What is needed
Repeat the stretch of entries below from the line with "Reiss Erica Tie" through the line with "Off-White Auction House". Include both ends and add nothing.

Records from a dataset
───

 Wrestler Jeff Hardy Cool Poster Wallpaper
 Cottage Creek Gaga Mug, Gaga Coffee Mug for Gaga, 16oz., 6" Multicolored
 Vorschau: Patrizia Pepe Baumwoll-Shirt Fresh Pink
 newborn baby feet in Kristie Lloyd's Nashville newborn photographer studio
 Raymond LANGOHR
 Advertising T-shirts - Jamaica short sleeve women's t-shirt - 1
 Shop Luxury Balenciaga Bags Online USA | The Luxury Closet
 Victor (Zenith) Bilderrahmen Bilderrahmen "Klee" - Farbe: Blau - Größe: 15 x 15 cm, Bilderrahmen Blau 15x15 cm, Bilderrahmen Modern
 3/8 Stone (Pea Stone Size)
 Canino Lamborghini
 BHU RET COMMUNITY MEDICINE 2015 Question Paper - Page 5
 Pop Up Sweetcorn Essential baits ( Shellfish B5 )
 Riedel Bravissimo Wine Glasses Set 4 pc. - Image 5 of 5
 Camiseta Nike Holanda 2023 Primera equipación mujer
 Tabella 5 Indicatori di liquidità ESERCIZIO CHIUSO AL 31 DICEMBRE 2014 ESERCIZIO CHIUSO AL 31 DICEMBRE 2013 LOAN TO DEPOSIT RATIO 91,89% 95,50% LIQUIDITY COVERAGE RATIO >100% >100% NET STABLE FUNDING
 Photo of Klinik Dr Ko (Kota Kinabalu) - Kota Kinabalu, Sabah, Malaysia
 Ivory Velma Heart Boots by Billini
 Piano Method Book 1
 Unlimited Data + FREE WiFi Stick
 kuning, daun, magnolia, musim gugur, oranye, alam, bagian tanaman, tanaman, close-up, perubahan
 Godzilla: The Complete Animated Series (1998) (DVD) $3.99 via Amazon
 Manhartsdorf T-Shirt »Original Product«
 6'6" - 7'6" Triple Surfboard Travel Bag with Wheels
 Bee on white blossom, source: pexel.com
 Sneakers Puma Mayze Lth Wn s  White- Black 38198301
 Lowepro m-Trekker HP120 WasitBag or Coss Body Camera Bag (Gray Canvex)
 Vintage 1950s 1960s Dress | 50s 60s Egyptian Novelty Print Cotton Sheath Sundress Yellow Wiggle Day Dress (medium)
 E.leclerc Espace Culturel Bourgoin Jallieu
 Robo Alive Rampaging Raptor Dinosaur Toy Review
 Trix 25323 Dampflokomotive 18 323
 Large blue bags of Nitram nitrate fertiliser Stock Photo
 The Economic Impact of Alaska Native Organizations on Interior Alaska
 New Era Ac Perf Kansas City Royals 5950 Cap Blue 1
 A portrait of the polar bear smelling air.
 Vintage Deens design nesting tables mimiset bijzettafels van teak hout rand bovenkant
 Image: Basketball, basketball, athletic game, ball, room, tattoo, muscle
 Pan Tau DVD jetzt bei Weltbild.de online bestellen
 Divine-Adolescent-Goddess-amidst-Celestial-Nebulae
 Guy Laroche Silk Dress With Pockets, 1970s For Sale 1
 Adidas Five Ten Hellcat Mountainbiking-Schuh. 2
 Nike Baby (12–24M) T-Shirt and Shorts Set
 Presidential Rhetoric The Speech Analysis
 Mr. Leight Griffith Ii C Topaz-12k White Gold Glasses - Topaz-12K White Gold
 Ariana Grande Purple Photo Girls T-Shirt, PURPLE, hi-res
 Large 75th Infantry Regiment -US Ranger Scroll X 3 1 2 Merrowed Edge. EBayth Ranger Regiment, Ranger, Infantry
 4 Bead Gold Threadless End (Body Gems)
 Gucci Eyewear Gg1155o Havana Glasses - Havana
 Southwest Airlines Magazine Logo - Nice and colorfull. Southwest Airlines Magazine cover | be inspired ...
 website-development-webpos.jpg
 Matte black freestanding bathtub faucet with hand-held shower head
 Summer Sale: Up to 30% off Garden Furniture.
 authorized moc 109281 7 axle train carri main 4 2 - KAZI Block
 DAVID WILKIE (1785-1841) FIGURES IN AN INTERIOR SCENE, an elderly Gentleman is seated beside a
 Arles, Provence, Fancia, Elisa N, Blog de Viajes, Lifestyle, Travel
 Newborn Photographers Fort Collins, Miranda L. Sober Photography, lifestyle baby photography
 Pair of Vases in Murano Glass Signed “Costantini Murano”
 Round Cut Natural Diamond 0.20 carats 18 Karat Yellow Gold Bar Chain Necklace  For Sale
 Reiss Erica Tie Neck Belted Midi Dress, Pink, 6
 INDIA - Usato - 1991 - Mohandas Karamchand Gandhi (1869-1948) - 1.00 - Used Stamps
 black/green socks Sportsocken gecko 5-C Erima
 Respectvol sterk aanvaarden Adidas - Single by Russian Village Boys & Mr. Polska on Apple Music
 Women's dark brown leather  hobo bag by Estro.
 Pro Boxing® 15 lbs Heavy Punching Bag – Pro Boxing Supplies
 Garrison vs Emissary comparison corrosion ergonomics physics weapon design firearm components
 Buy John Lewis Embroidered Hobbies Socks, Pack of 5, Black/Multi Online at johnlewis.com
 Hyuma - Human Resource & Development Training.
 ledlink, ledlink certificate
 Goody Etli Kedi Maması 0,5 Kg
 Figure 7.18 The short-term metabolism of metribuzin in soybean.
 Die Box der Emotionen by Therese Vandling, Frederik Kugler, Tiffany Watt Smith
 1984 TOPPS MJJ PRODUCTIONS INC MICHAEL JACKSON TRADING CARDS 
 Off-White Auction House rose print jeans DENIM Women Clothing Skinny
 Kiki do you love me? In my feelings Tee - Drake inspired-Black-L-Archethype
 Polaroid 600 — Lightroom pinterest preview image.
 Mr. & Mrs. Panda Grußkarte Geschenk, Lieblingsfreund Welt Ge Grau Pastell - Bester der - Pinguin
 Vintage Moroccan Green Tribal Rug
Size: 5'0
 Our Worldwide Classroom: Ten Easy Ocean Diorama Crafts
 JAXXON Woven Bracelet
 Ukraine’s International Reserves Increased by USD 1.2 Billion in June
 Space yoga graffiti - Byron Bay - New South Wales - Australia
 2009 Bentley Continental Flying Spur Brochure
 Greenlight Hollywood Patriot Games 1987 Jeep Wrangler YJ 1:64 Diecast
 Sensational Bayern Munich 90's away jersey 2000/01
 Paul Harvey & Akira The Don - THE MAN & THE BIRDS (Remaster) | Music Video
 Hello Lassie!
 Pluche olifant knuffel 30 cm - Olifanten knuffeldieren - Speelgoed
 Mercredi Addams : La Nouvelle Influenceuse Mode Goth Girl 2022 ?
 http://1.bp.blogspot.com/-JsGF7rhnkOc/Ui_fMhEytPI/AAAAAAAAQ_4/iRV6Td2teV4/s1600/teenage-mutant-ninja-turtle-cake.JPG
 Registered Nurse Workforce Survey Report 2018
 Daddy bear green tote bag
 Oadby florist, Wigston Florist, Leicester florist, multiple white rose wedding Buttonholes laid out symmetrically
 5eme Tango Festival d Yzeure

───

Exercise output
 Reiss Erica Tie Neck Belted Midi Dress, Pink, 6
 INDIA - Usato - 1991 - Mohandas Karamchand Gandhi (1869-1948) - 1.00 - Used Stamps
 black/green socks Sportsocken gecko 5-C Erima
 Respectvol sterk aanvaarden Adidas - Single by Russian Village Boys & Mr. Polska on Apple Music
 Women's dark brown leather  hobo bag by Estro.
 Pro Boxing® 15 lbs Heavy Punching Bag – Pro Boxing Supplies
 Garrison vs Emissary comparison corrosion ergonomics physics weapon design firearm components
 Buy John Lewis Embroidered Hobbies Socks, Pack of 5, Black/Multi Online at johnlewis.com
 Hyuma - Human Resource & Development Training.
 ledlink, ledlink certificate
 Goody Etli Kedi Maması 0,5 Kg
 Figure 7.18 The short-term metabolism of metribuzin in soybean.
 Die Box der Emotionen by Therese Vandling, Frederik Kugler, Tiffany Watt Smith
 1984 TOPPS MJJ PRODUCTIONS INC MICHAEL JACKSON TRADING CARDS 
 Off-White Auction House rose print jeans DENIM Women Clothing Skinny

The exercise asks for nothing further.